You need to start thinking with a portuguese mentality now.


----------



## PETERFC (Apr 3, 2009)

*Reply*

Hi Mr Blueskies

I have done Porto airport to Porto then Porto to Coimbra then on to Serpins and enjoyed the trip all by train. This time from landing in Faro i have less than 48 hours to travel to Gois about 500 km and return for a flight home. 
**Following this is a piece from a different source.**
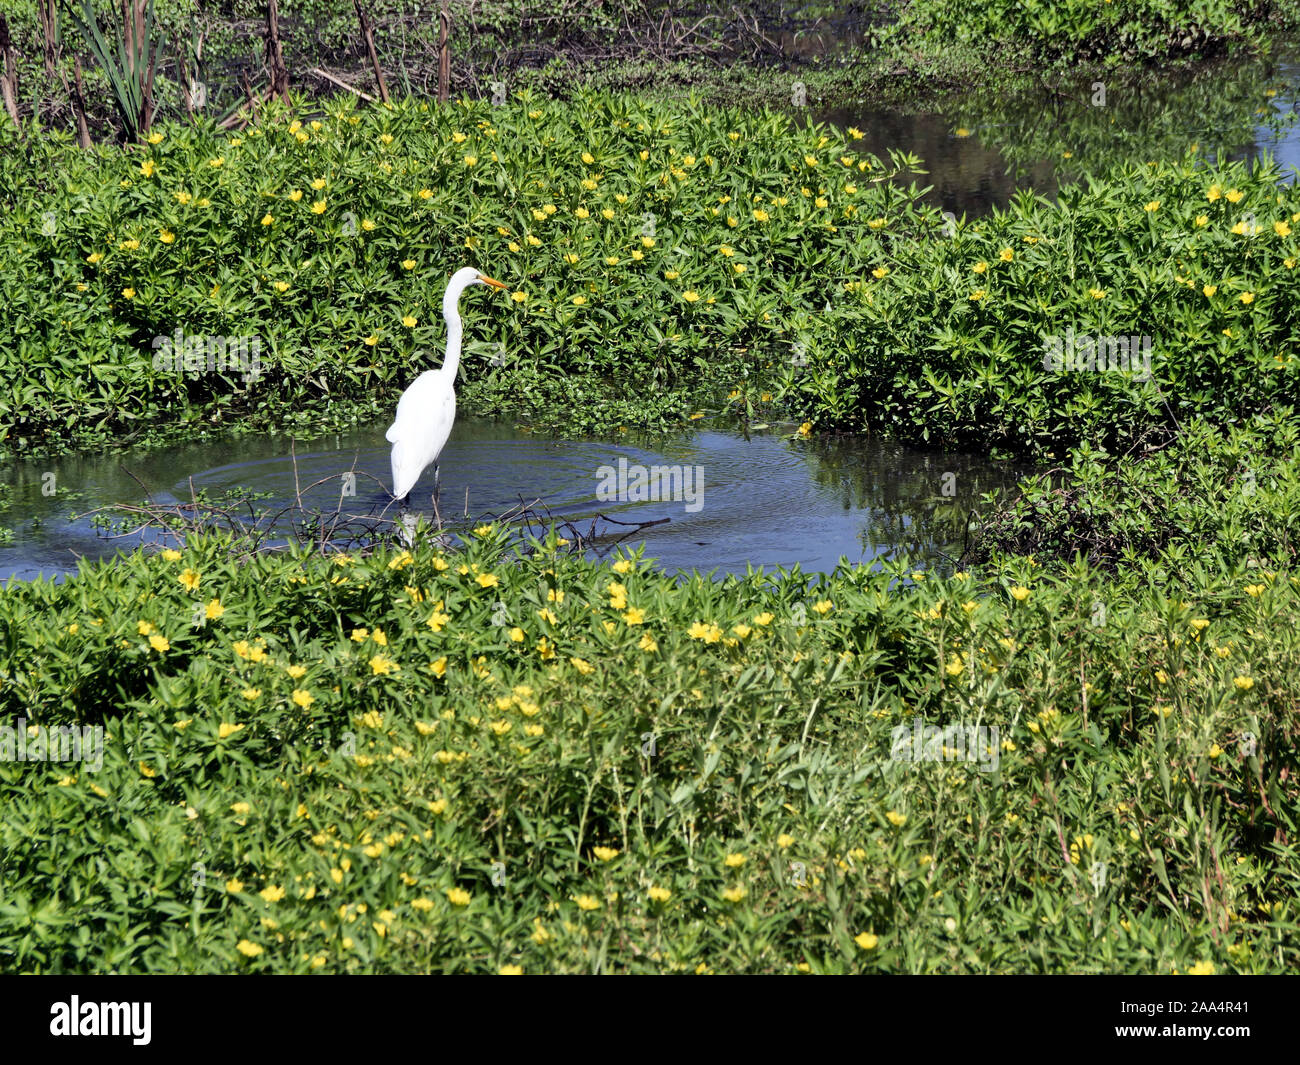 Crane stands in the Consumnes Nature Preserve in the Sacramento River delta. Volunteers work to preserve nature in what once was farmland and return it to nature. Stock Photo

This trip i am bringing my son to see Gois and the house and then sign the promessa contract. Well time is tight but with the rest of my life ahead of me who cares. 

Peter


----------



## omostra06 (Sep 11, 2007)

PETERFC said:


> Hi Mr Blueskies
> 
> I have done Porto airport to Porto then Porto to Coimbra then on to Serpins and enjoyed the trip all by train. This time from landing in Faro i have less than 48 hours to travel to Gois about 500 km and return for a flight home.
> 
> ...


Peter, i would suggest that if your short of time then drive up, you won't have time to lose on slow busses and waiting to change transport,etc, better to jump straight on the motorway and zoom up to Gois. tolls from Faro to a1 junction north of Lisbon is around 25 euros, a1 north will be around 10 euros. about 6 hours drive i think....


----------



## John999 (Jul 6, 2009)

*faro*

Hi Peter
Go on Google earth and it will show you the way trough A2, A10, A13 and A1. Less than 500 km and under 5 hours drive each way. This is respecting the speed limits. I find that, if you do around 130/135kmh they don´t bother you. If an unmarked car stops you or if they are waiting for you, you will have to pay the fine straight away, the car will not move from where ever they stop you until the ticket is paid for. On the A2 keep an eye on vehicles that apparently seem to be broke down on the hard shoulder, it is one of their best tricks. Fallow this route and you will be ok. At that time of the year, does Motorways will be nearly empty, with exception to the A1
John999


----------



## siobhanwf (Mar 20, 2009)

Hi PeterFC

You can also let the train take the strain. The fare from Faro to LIsbon is 13 euros oneway (21 euros First Class!!) The bit from Lisbon to Gois I am not too sure about but the bus service is generally very good from Lisbon.

I must admit I much prefer to drive

Have a look at viamichelin.com this is the link from Faro central to Gois

Routes Faro Góis ViaMichelin: Route planner Faro Góis


----------



## siobhanwf (Mar 20, 2009)

Sorry should have added the following information

Time
07h20 
Distance
543 km 

a large part of the drive is on motorways


----------